There were opportunists like merchant Oswald Eve, who thought the
British had the money to win and would make him rich: they failed and
he fled.
So widespread was Loyalist resistance to the Revolution in
Pennsylvania that the radical Whig revolutionaries had to resort
increasingly to force when persuasion failed. The Whig radicals by the
summer of 1778 would no longer tolerate neutrality or dissent. Since
1776, the Pennsylvania government and the laws it had passed had grown
more radical and more repressively anti-Loyalist. First, the
Revolution had shattered the Penn proprietary party which had ruled
the province since William Penn had founded it in 1682. Penn's heirs,
John and Richard Penn, and their top appointed officials had long
tried, by manipulating voting districts and proroguing and dissolving
the legislative assembly at will, to thwart growing numbers of
frontiersmen and radical Presbyterians clamoring for a voice in
government all through the long imperial crisis of the 1760s and
1770s. Until the mid-1760s, Philadelphia Quakers controlled most of
the power; then, the Anglicans won many converts from their ranks and
accrued power and influence. Benjamin Franklin, the political
mastermind of Pennsylvania politics, had long led the Quaker party and
opposed the Penns, who were growing fabulously wealthy on the sale and
rental of their lands.
When the Revolution came, Franklin was the only leader of the party
which had so long opposed the Penns to join the revolutionary
leadership. He helped to drive the Penns from power and set up the
most radical state government with the aid of propaganda writer Thomas
Paine. The new government had no governor and no assembly; it was
ruled by a revolutionary committee directly elected by the people. Any
powers not specifically granted to this supreme executive council were
carried out by ad hoc revolutionary committees or clubs, which became
increasingly radical. For its power, the council depended on laws,
newspaper propaganda, and the support of the clubs, often in the
streets. As the Pennsylvania revolution became more radical,
revolutionary leaders had to be imported from outside the state to run
its government; no Pennsylvanians of wealth or education would serve
with the radicals. The vice president of the council was Joseph Reed,
a Trenton, New Jersey, lawyer and bankrupt merchant; the leading
radical propagandist was Tom Paine, a former corsetmaker from England.

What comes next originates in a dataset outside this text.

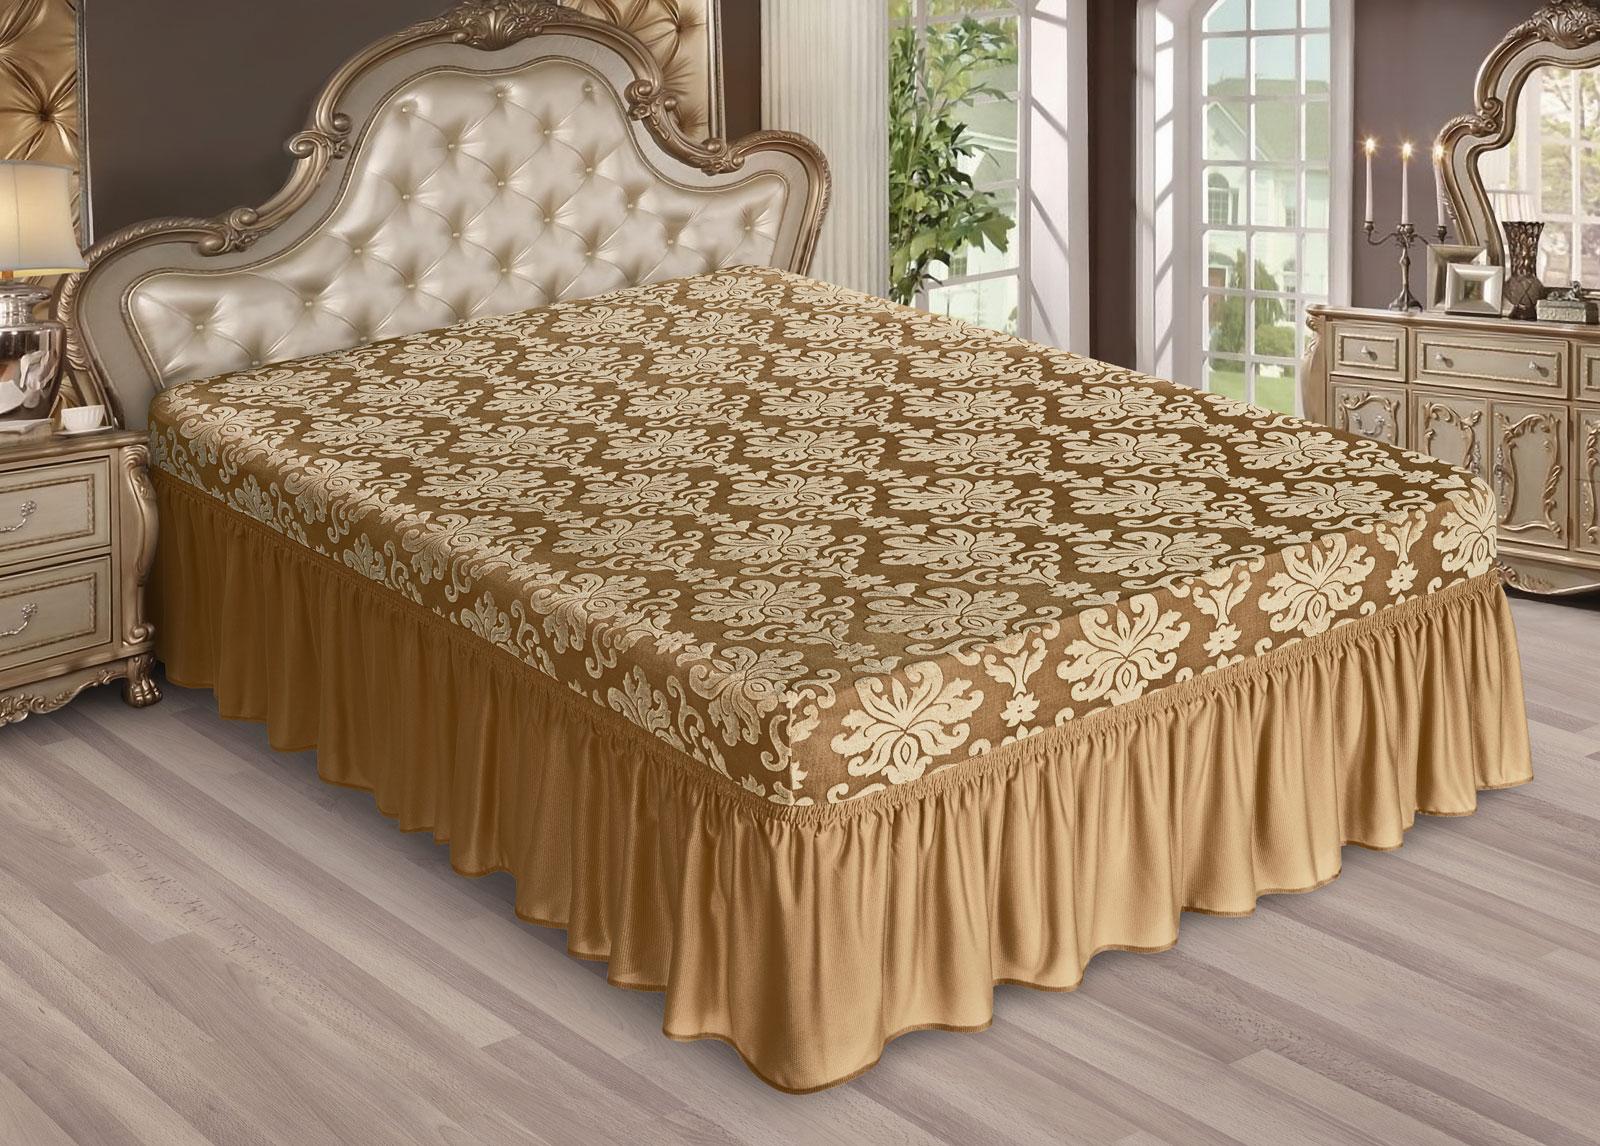 Marianna I.M.A. TEKS Жаккард с оборкой Чехол на кровать 200х200 - Бронза
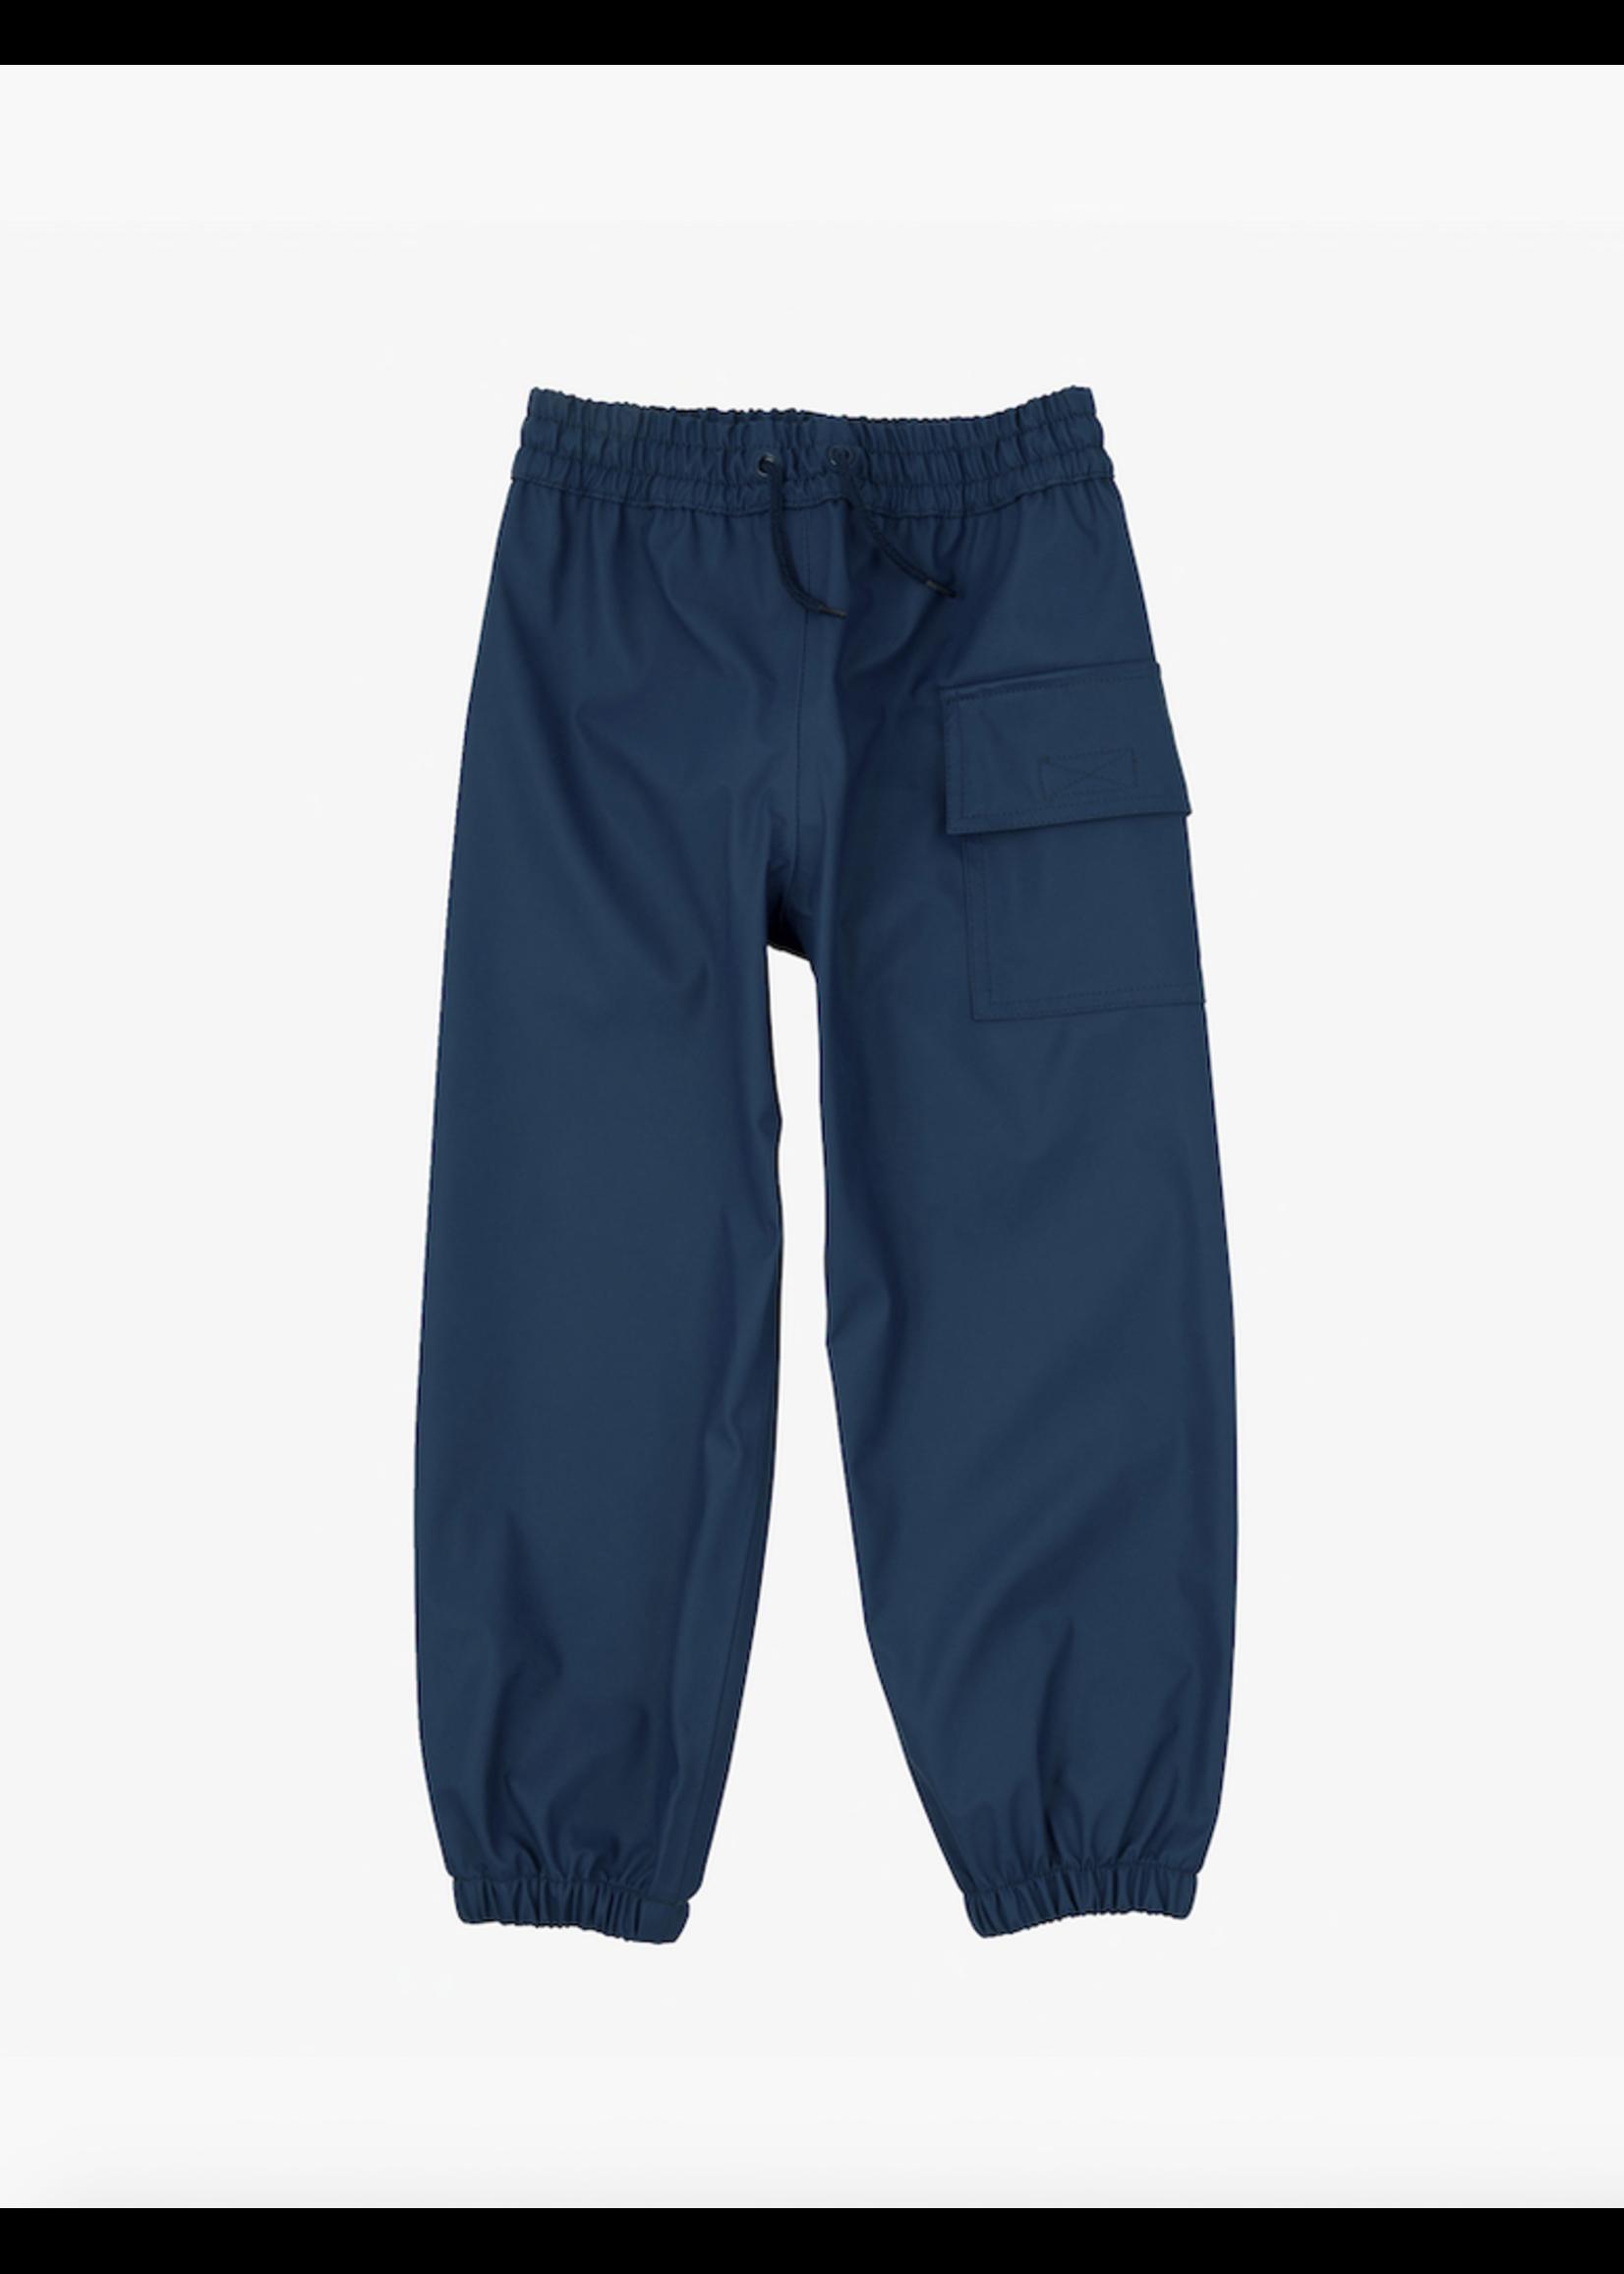 Hatley Hatley, Classic Navy Splash Pants

The attorney general was Jonathan Dickinson Sergeant, also a New
Jersey lawyer. The chief justice was Thomas McKean, from Delaware.
Reed himself could find not one able lawyer in the state whom he
considered radical enough to work for the Whig side. He wrote to
Connecticut to former admiralty judge Jared Ingersoll, who had gone
back home to New Haven to escape the war, that it was the perfect
moment for his son, Jared, Jr., to come back to Philadelphia to begin
a flourishing career on the radical side. "Our lawyers here of
any considerable abilities are all, as I may say, in one interest, and
that not the popular one." Reed was offered the state's
presidency in the summer of 1778, but did not agree until the council
hired him as special counsel to prosecute suspected Loyalists, for a
handsome £2,000 a year plus his expenses and a confiscated
Loyalist mansion, horses, and carriage.
Among the lawyers in the "interest" opposing Reed and the
radicals were two signers of the Declaration of Independence, John
Ross of Lancaster and James Wilson of Philadelphia, who successfully
defended hundreds of accused Loyalists prosecuted by Reed in the state
courts. Two other signers, Dr. Benjamin Rush and John Dickinson, also
signed petitions pleading for clemency for Tories condemned to death.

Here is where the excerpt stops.